Haven't ever modified GS in x64 code, so I may be wrong, but shouldn't you be able to modify GS by PUSH/POP or by LGS?
Update: Intel manuals say also mov SegReg, Reg is permissible in 64-bit mode.
Haven't ever modified GS in x64 code, so I may be wrong, but shouldn't you be able to modify GS by PUSH/POP or by LGS?
Update: Intel manuals say also mov SegReg, Reg is permissible in 64-bit mode.
You can modify the thread context via the SetThreadcontext API directly. However, you need to make sure that the thread is not running while the context is changed. Either suspend it and modify the context from another thread, or trigger a fake SEH exception and modify the thread context in the SEH handler. The OS will then change the thread context for you and re-schedule the thread.
Update:
Sample code for the second approach:
__try
{
__asm int 3 // trigger fake exception
}
__except(filter(GetExceptionCode(), GetExceptionInformation()))
{
}
int filter(unsigned int code, struct _EXCEPTION_POINTERS *ep)
{
ep->ContextRecord->SegGs = 23;
ep->ContextRecord->Eip++;
return EXCEPTION_CONTINUE_EXECUTION;
}
The instruction in the try block basically raises a software exception. The OS then transfers control to the filter procedure which modifies the thread context, effectively telling the OS to skip the int3 instruction and to continue execution.
It's kind of a hack, but its all documented functionality :)
Why do you need to set the GS register? Windows sets if for you, to point to TLS space.

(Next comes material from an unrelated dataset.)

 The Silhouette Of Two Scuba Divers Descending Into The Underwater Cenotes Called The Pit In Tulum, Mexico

While I haven't code for X64, I have build a compiler that generates 32 bit code that manages threads, using FS. Under X64, GS replaces FS and everything else pretty works the same. So, GS points to the thread local store. If you allocated a block of thread local variables (on Win32, we allocate 32 of 64 at offset 0), your thread now has direct access to 32 storage locations to whatever it wishes to do with. You don't need to allocate working thread-specific space; Windows has done it for you.
Of course, you might want to copy what you consider your specific thread data into this space you've set aside, in whatever scheduler you've set up to run your language specific threads.

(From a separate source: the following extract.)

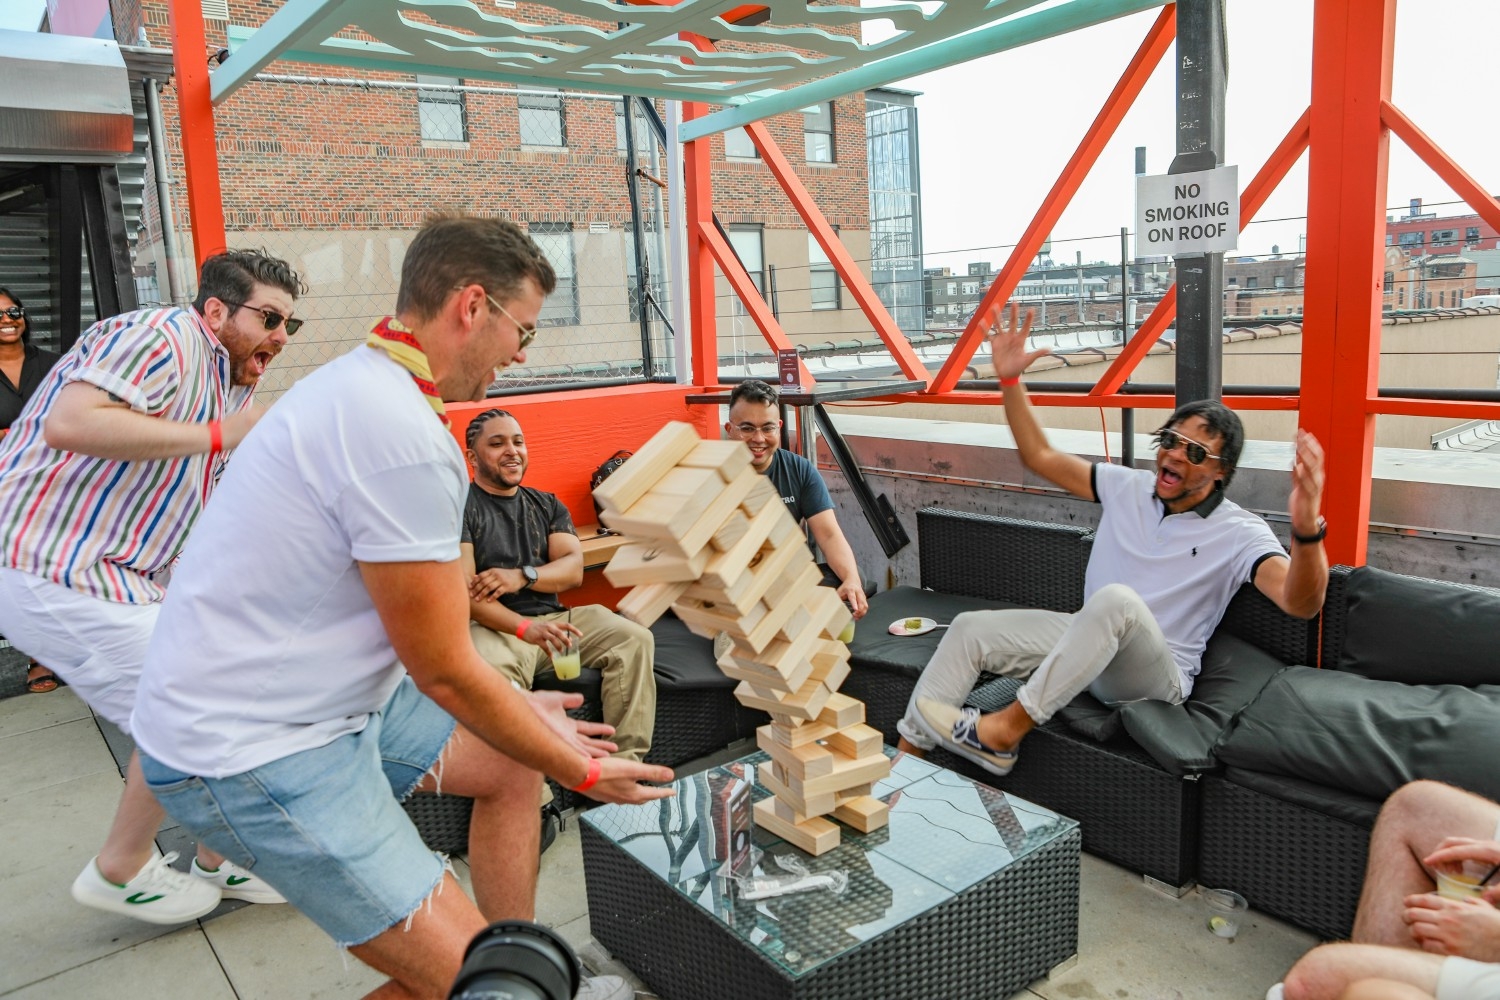 Giant Jenga at our rooftop summer Juneteenth Jubilee!

Since x86_64 has many more registers than x86, one option that you may want to consider if you can't use GS would simply be to use one of the general purpose registers (eg, EBP) as a base pointer, and make up for the difference with the new R8-R15 registers.
What happens if you just move to OS threads? Is performance that bad?

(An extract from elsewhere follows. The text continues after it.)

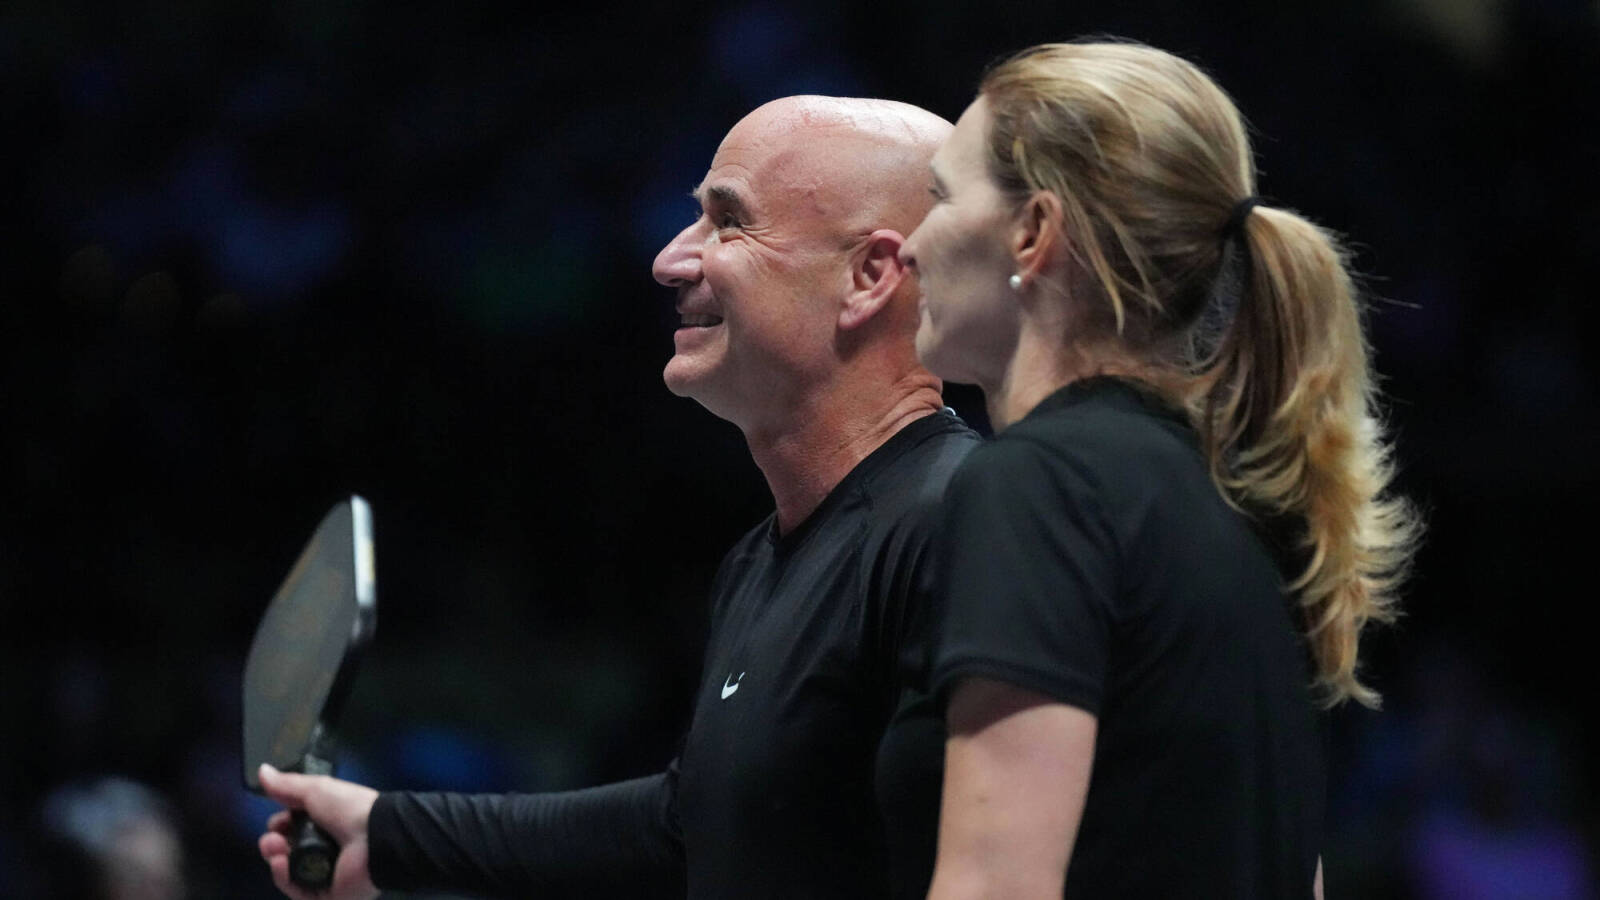 Andre Agassi couldn’t stop smiling as he poses with wife Stefi Graf after winning Pickleball Slam 2

You could use a single pointer-sized TLS slot to store the base of your lightweight thread's storage area. You'd just have to swap out one pointer during your context switch. Load one of the new temp registers from there whenever you need the value, and you don't have to worry about using one of the few preserved across function calls.
Another supported solution would be to use the Fiber APIs to schedule your lightweight threads. You would then change the JIT to make proper calls to FlsGet/SetValue
.
Sorry, it sounds like the old code is written to rely on segment prefixes for addressing and now the LDT is just not available for that sort of thing. You're going to have to fix the code generation a little bit.
the existing code makes heavy use of scaled-index + base addressing, with the GS term as a 3rd term. I think I can use use 'lea' followed by a two-register form
Sounds like a good plan.
cases like "mov eax, mem", which accept a prefix but need completely replaced to use register-based addressing
Perhaps you could move those to address + offset addressing. The offset register could be the register holding the base of your TLS block.
Why not use GetFiberData or are you trying to avoid the two extra instructions?